EU-derived regulation imposing complex compliance burdens on occupational pension schemes without democratic scrutiny. The length of service exemptions create perverse incentives: employers may avoid hiring older workers due to pension cost complexities, while younger workers face restricted scheme access. The 5-year threshold with business need justification requirements add administrative costs that reduce employer flexibility and ultimately suppress wages and employment. Post-Brexit regulatory independence provides opportunity to repeal such inherited EU law and replace with simpler, principle-based age discrimination protections that do not distort pension scheme design.

keep PLANS AND SPECIFICATIONS OF THE CAR DYKE CROSSING BRIDGE uksi-2006-2936 · 2006
Summary

This Instrument confirms the Lincolnshire County Council Car Dyke Crossing Bridge Scheme 2004, a local infrastructure project under the Highways Act 1980. It establishes the scheme's confirmation, sets out where accompanying plans are deposited for public inspection, and specifies commencement procedures.

Reason

This is a ministerial confirmation instrument for a specific local bridge scheme under existing primary legislation (Highways Act 1980). It does not impose regulatory burden, create restrictions on trade or business, or establish new regulatory requirements. It is simply an administrative procedural step confirming a locally-initiated infrastructure project that has already undergone statutory consultation under the parent Act. The scheme itself (a bridge crossing) represents capital investment in infrastructure, not regulation.

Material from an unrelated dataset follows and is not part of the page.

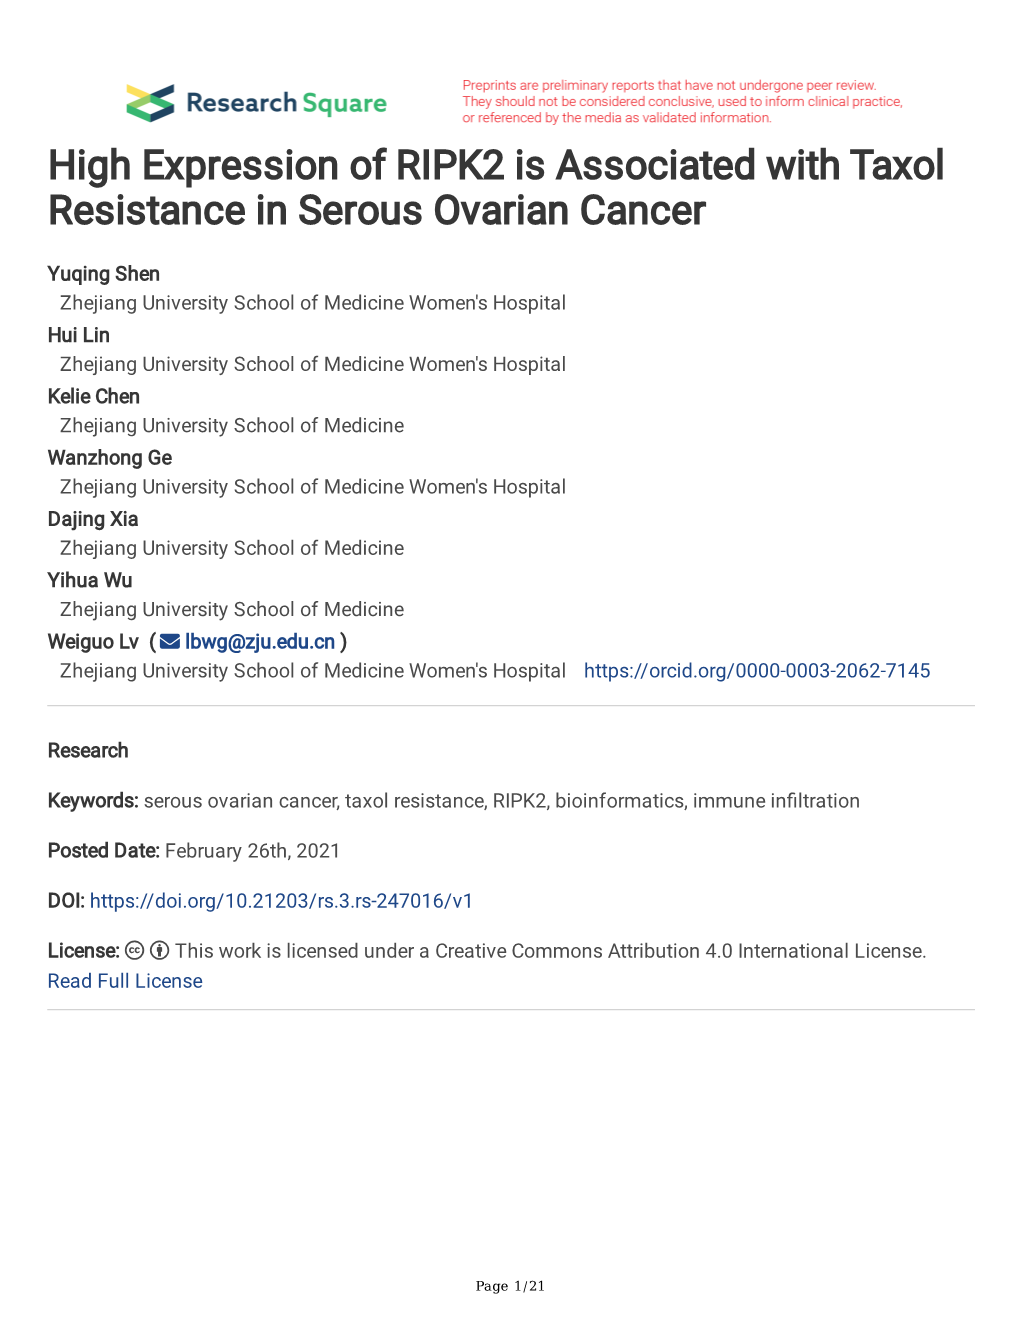 High Expression of RIPK2 Is Associated with Taxol Resistance in Serous Ovarian Cancer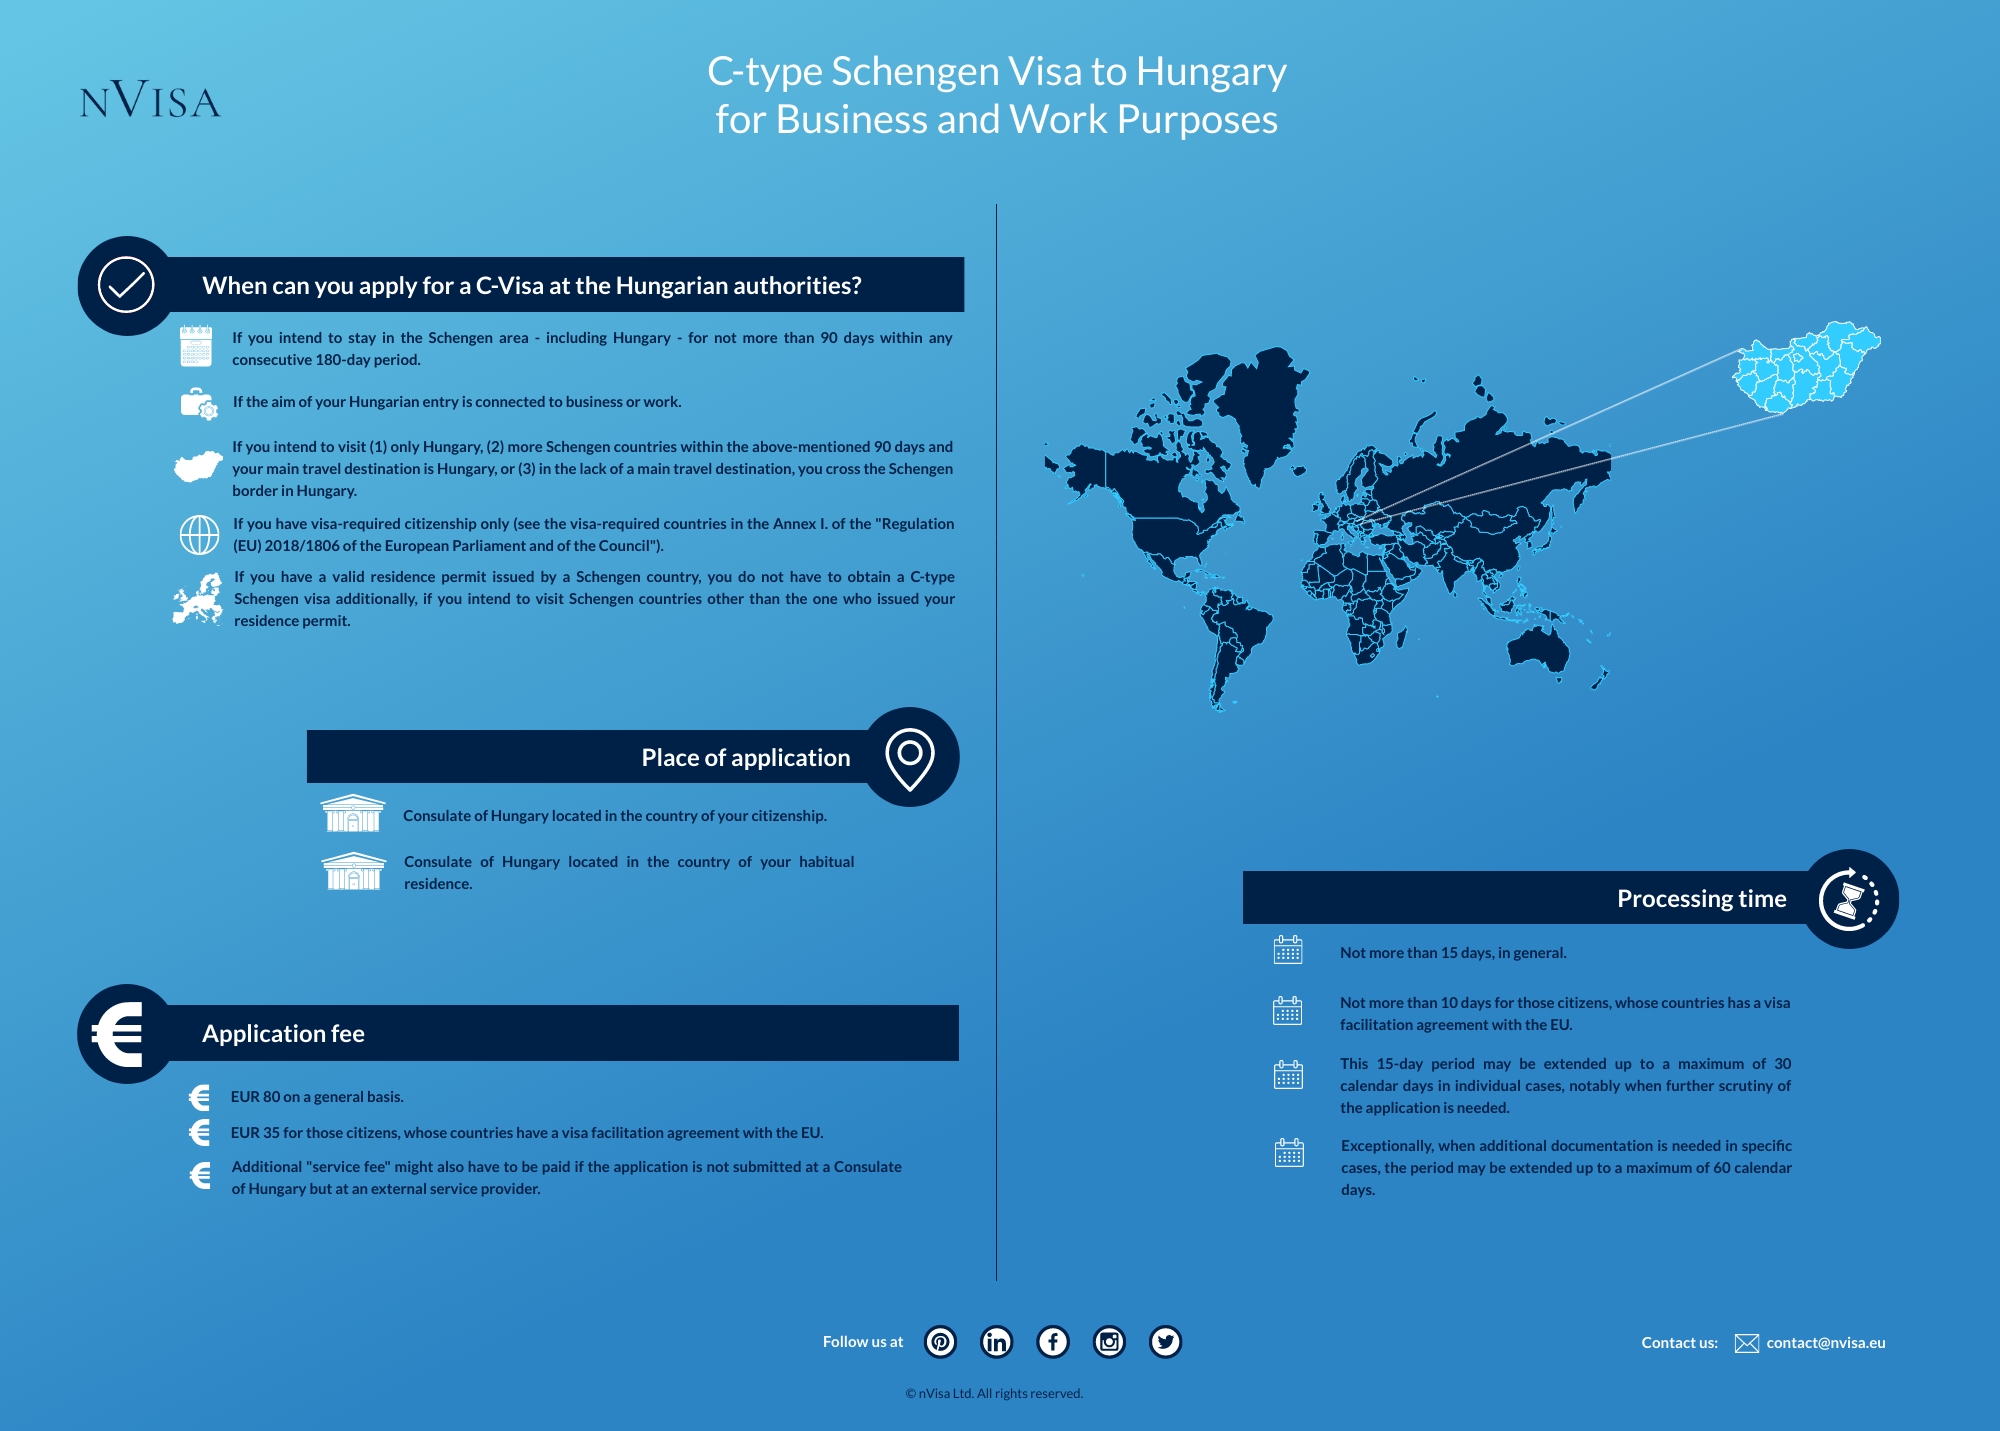 Infographic about immigration requirements and the details of obtaining a C-type Schengen Visa for the purpose of business or work in Hungary.

keep The Pensions Act 2004 (Disclosure of Restricted Information) (Amendment of Specified Persons) Order 2006 uksi-2006-2937 · 2006
Summary

This Order amends the Pensions Act 2004 to update the schedules of specified persons permitted to receive restricted pension information. It removes the Gaming Board for Great Britain (reflecting its abolition under the Gambling Act 2005) and adds the Gambling Commission in its place. The Order also adds new categories of specified persons including: bodies carrying out actuarial regulation functions (Institute of Actuaries, Faculty of Actuaries oversight); members of Financial Services and Markets Act 2000 panels; and bodies concerned with activities under the Companies (Audit, Investigations and Community Enterprise) Act 2004.

Reason

This is a technical machinery amendment reflecting administrative changes (gaming regulator replacement) and enabling legitimate information sharing between regulators. Without these amendments, regulatory coordination for consumer and pension protection purposes would be impaired. The expansion of specified persons enables cross-regulator cooperation that helps protect pension scheme members from fraud and misconduct.

delete The Bradford Cathedral Community College (Designation as having a Religious Character) Order 2006 uksi-2006-2938 · 2006
Summary

This Order designates Bradford Cathedral Community College, a voluntary aided school in Bradford, as having a religious character under the School Standards and Framework Act 1998. The designation confirms the school operates according to Church of England tenets for religious education purposes.

Reason

This Order perpetuates a regime that allows publicly-funded schools to legally discriminate in admissions and employment based on religious belief—a market distortion that creates unequal treatment in the education sector. While the Order merely records an existing status rather than granting exemptions directly, it formalises a categorisation that insulates Church of England schools from competitive pressures and equalities law that other providers must follow. Deleting this Order would remove one instance of the State's endorsement of religious privilege in education, signalling intent to phase out such designations that distort the education market and create second-class citizenship for teachers and students based on creed rather than merit.